The typical CFS case occurs acutely, and even suddenly, usually in a previously healthy person. Initially, fever, sore throat, cough, muscular pain and fatigue are the typically predominant symptoms; digestive symptoms such as diarrhoea are less common. This initial process resolves with intense tiredness as a sequel. The cardinal or key symptom is fatigue, essential for diagnosing the condition. Fatigue in CFS is characterised by not being secondary to excessive activity, with no improvement associated with rest and worsening with stress, and directly resulting in persistent disability (physical and mental) .

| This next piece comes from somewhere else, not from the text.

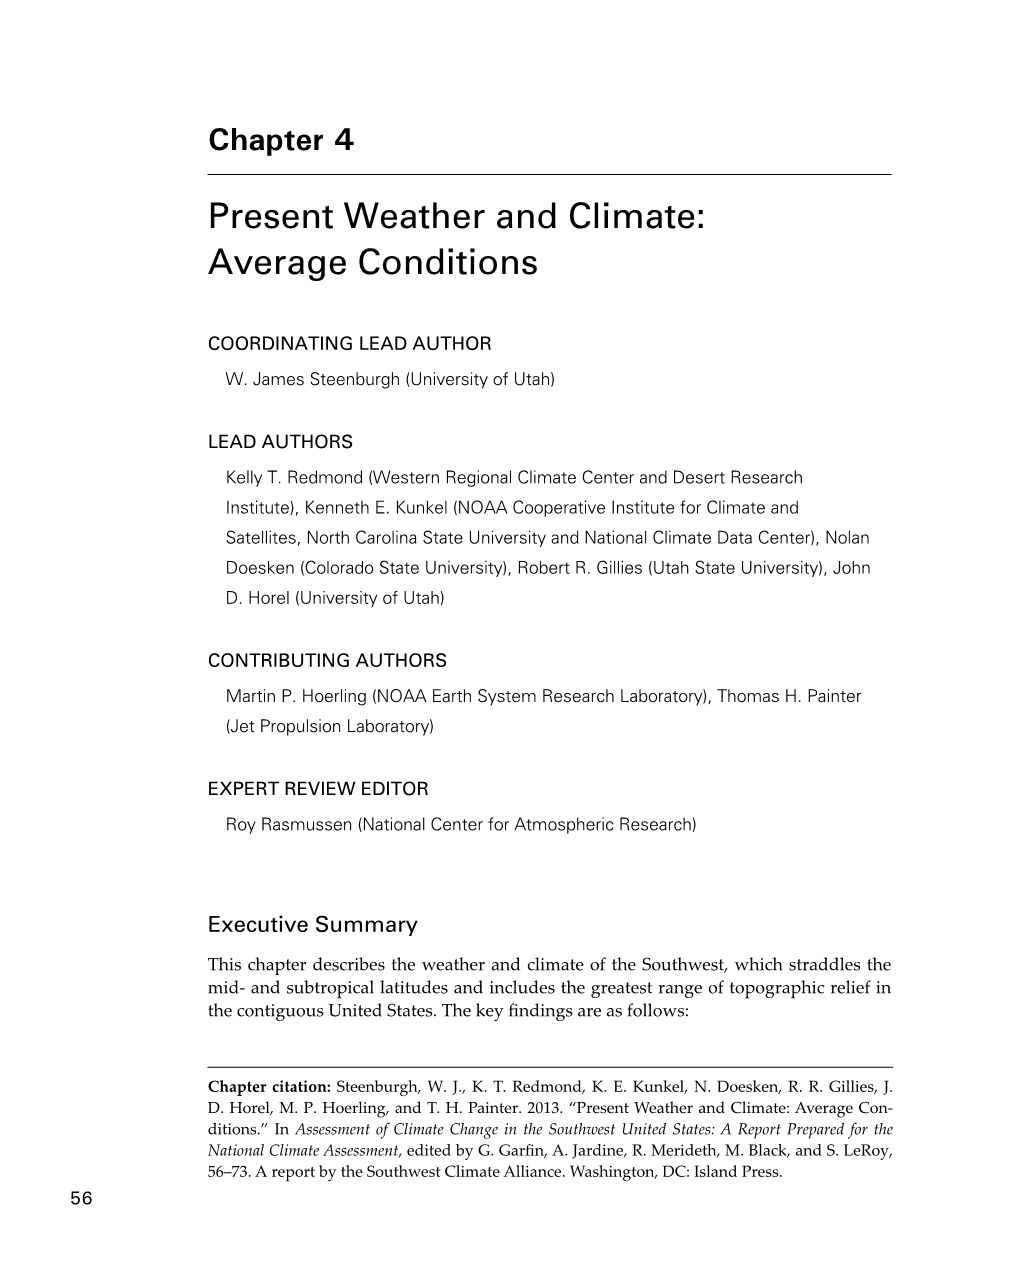 Present Weather and Climate: Average Conditions

The chronic symptoms develop later , persisting for weeks or months. Predominant symptoms vary for the individual patient, and include fatigue, fever or intermittent dysthermia, migratory arthralgias, generalised musclar pain, pharyngitis or sore throat, headache, tender cervical or axillary lymph nodes, and other less common symptoms.
Fatigue is usually associated to neurocognitive and sleep disorders. Patients have difficulty in concentrating, insomnia or hypersomnia, and occasionally depression. Palpitations, thoracic pain, night sweating, or weight loss/increase are less common .

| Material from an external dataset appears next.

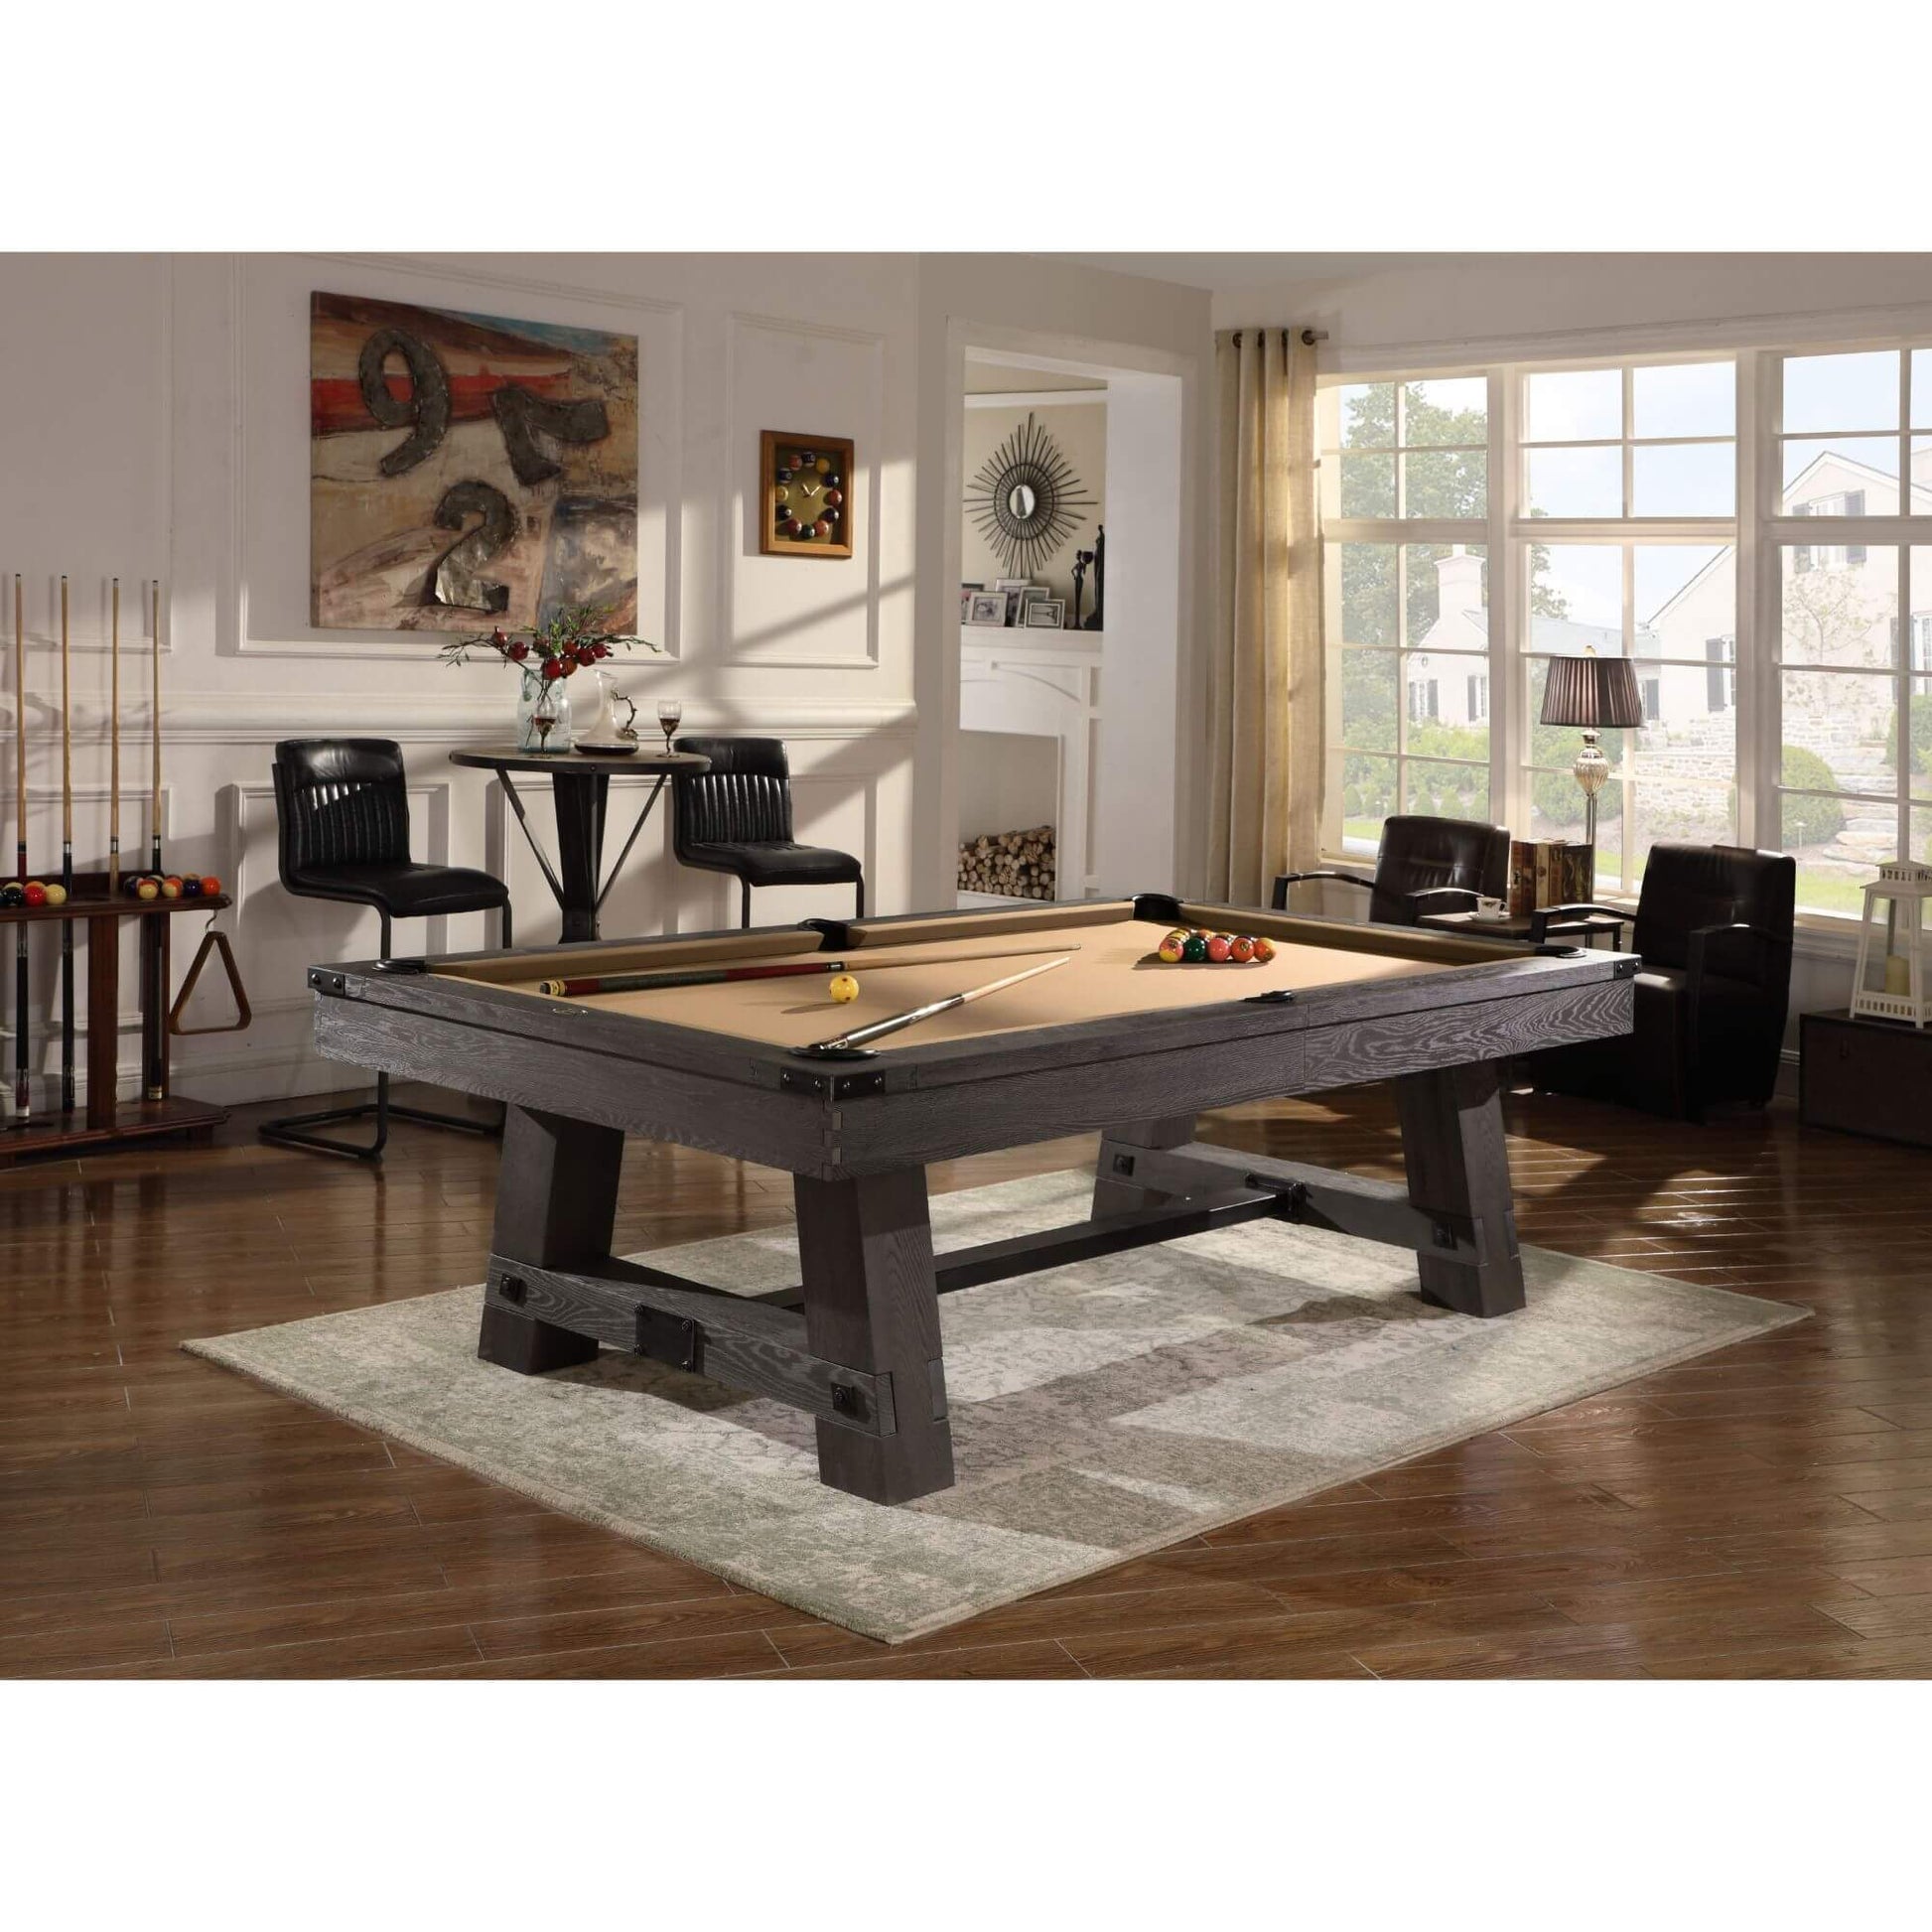 Playcraft Yukon River Slate Pool Table with Optional Dining Top - Upper Livin

In general, clinical evolution is characterized by regular and even seasonal recurrences. Each outbreak can be different from the previous one, and periods between each recurrence are rarely completely asymptomatic . CFS's symptomatology worsens with physical or emotional stress, interfering or limiting previous activities (including family, work, and social activities); in some cases, patients may need help for their basic daily activities.
As there is no pathognomonic sign or specific test for CFS, the diagnosis of the syndrome is clinical. Other causes of fatigue should be ruled out, through a complete and detailed medical history, focused on the characteristics of fatigue, delineating its form and time of onset, duration, triggering factors, relationship with rest and physical activity, and the degree of limitation of the patient's regular activities. Furthermore, targeted interrogation will collect the symptoms in the osteomuscular, neurovegetative and neuropsychological domains. Thus, chronic fatigue should be differentiated from debilitation, exercise intolerance, sleepiness, or loss of motivation and stamina.
The presence of psychiatric disorders (anxiety, depression) should be included in the personal history as well as possible non-infectious precipitating factors (organophosphorous insecticides, solvents, CO, multiple chemical hypersensitivity, sick building syndrome, situations that disturb sleep, etc.), and prior history of allergies. This information should be included to rule out other alternative diagnoses such as infections, neoplasias, depression or sleep disorder.
Specific exploration is required for the musculoskeletal system (strength, reflexes and muscular tone), the neurological system (looking for any neurological deficit), the cardiovascular and respiratory systems (anaemia and cardiac insufficiency), the endocrinological system (thyroid gland disorders), the immune system (tender cervical, axillary or inguinal lymph nodes) and the gastrointestinal system. Physical findings are usually unspecific, and a large variety of signs can be found, such as pharyngeal soreness, fever, tender posterior cervical or axillary lymph nodes, muscular tenderness on palpation, and, occasionally, rash.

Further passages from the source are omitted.